■ **Dataset content**
--------------------------------------------------

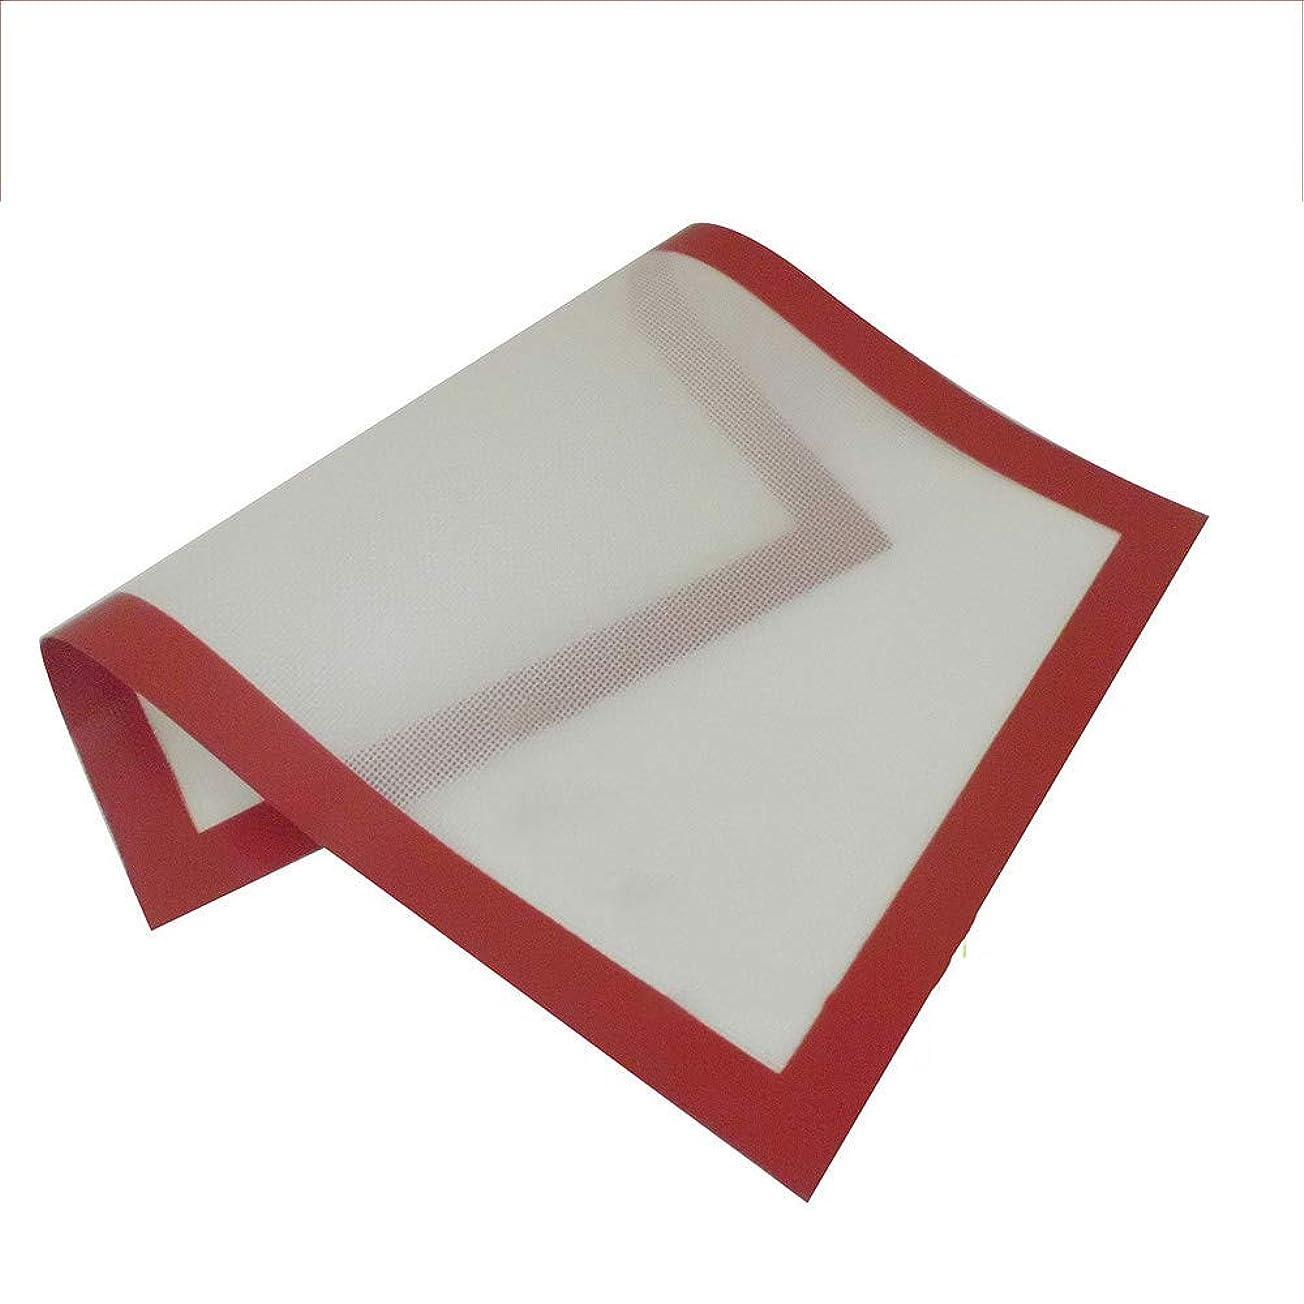 対応する適応実際シリコンマット 食品グレードシリコンノンスティックオーブンベーキングパッド太いハイ?耐熱グラスファイバーパッド
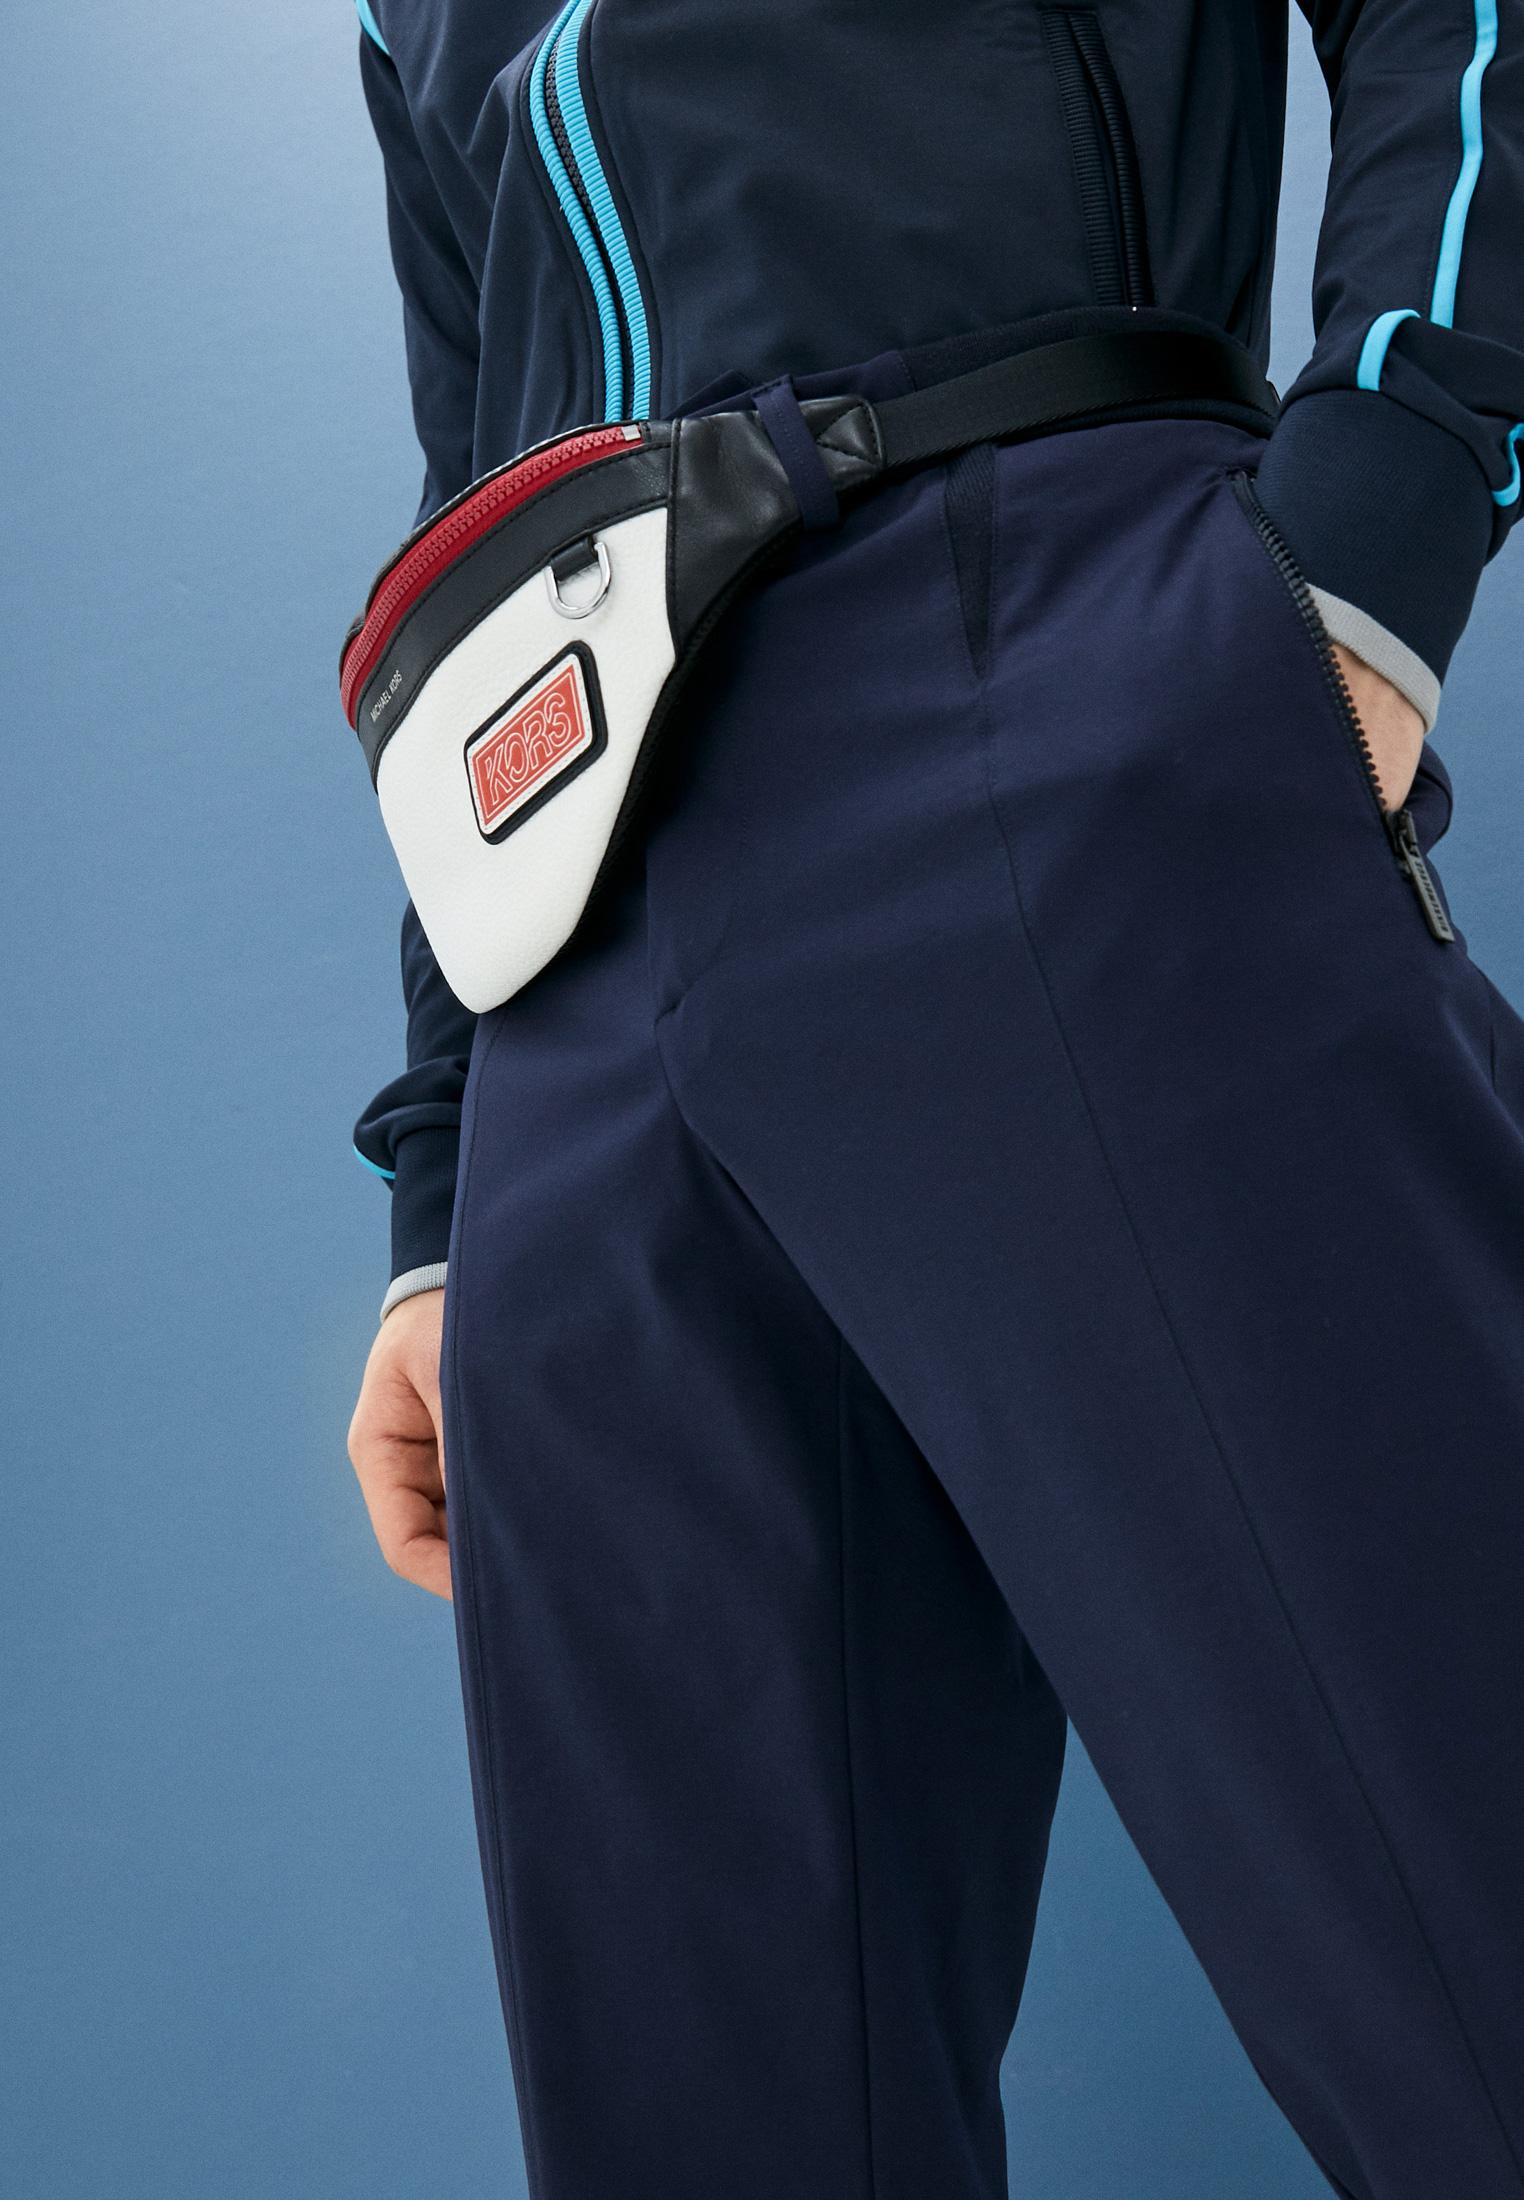 Мужские повседневные брюки Bikkembergs (Биккембергс) C 1 142 00 e 2031: изображение 2
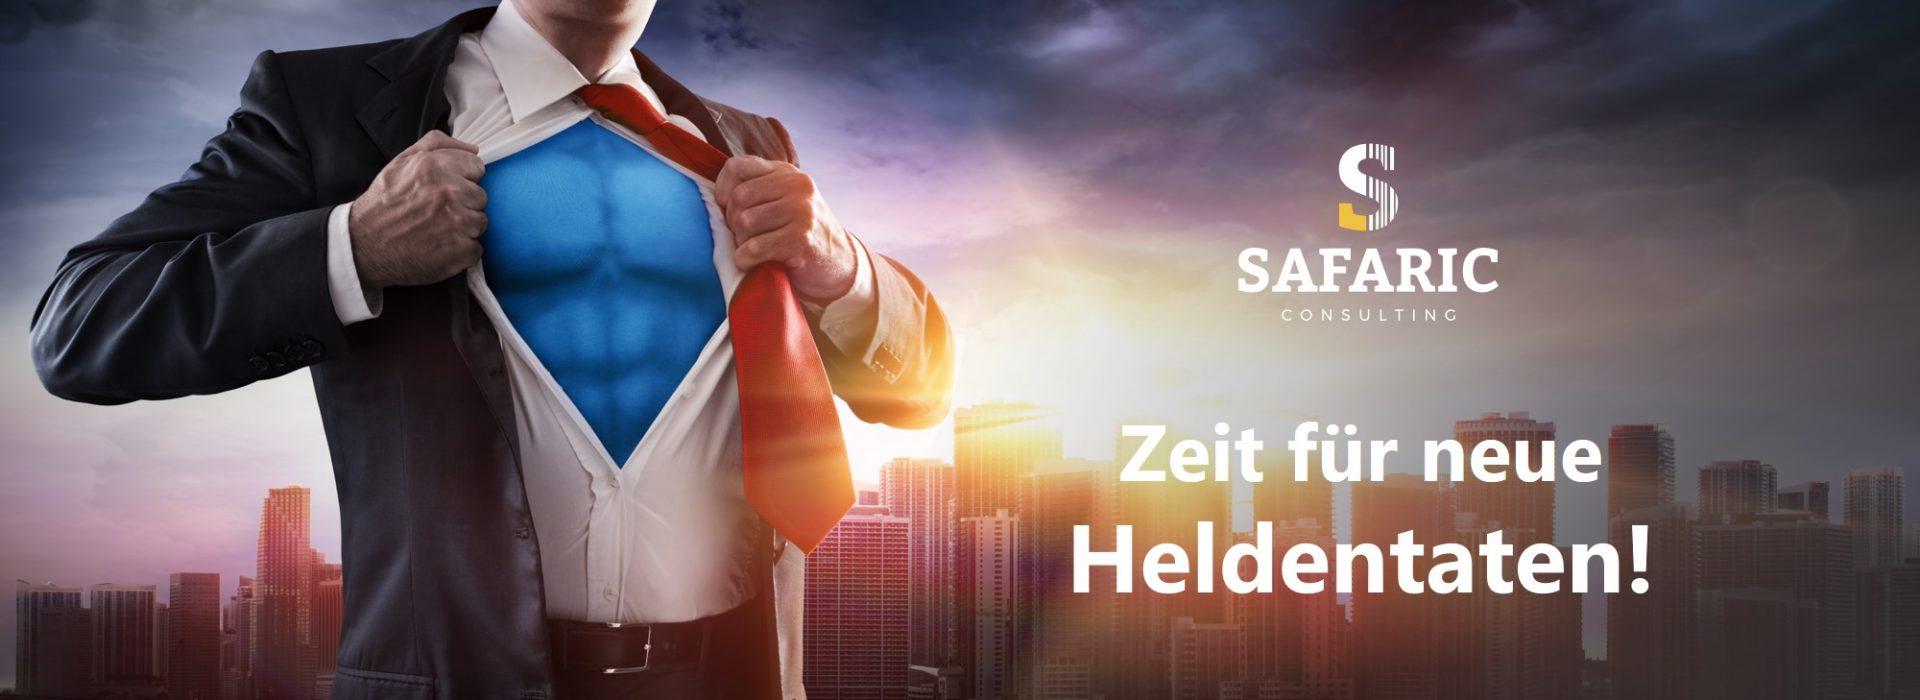 Meet, Drink & Connect Juni 2021 - Zeit für neue Heldentaten!

--------------------------------------------------

Word for word, restate all of the material above except its pictures.

 対応する適応実際シリコンマット 食品グレードシリコンノンスティックオーブンベーキングパッド太いハイ?耐熱グラスファイバーパッド
 Мужские повседневные брюки Bikkembergs (Биккембергс) C 1 142 00 e 2031: изображение 2
 Meet, Drink & Connect Juni 2021 - Zeit für neue Heldentaten!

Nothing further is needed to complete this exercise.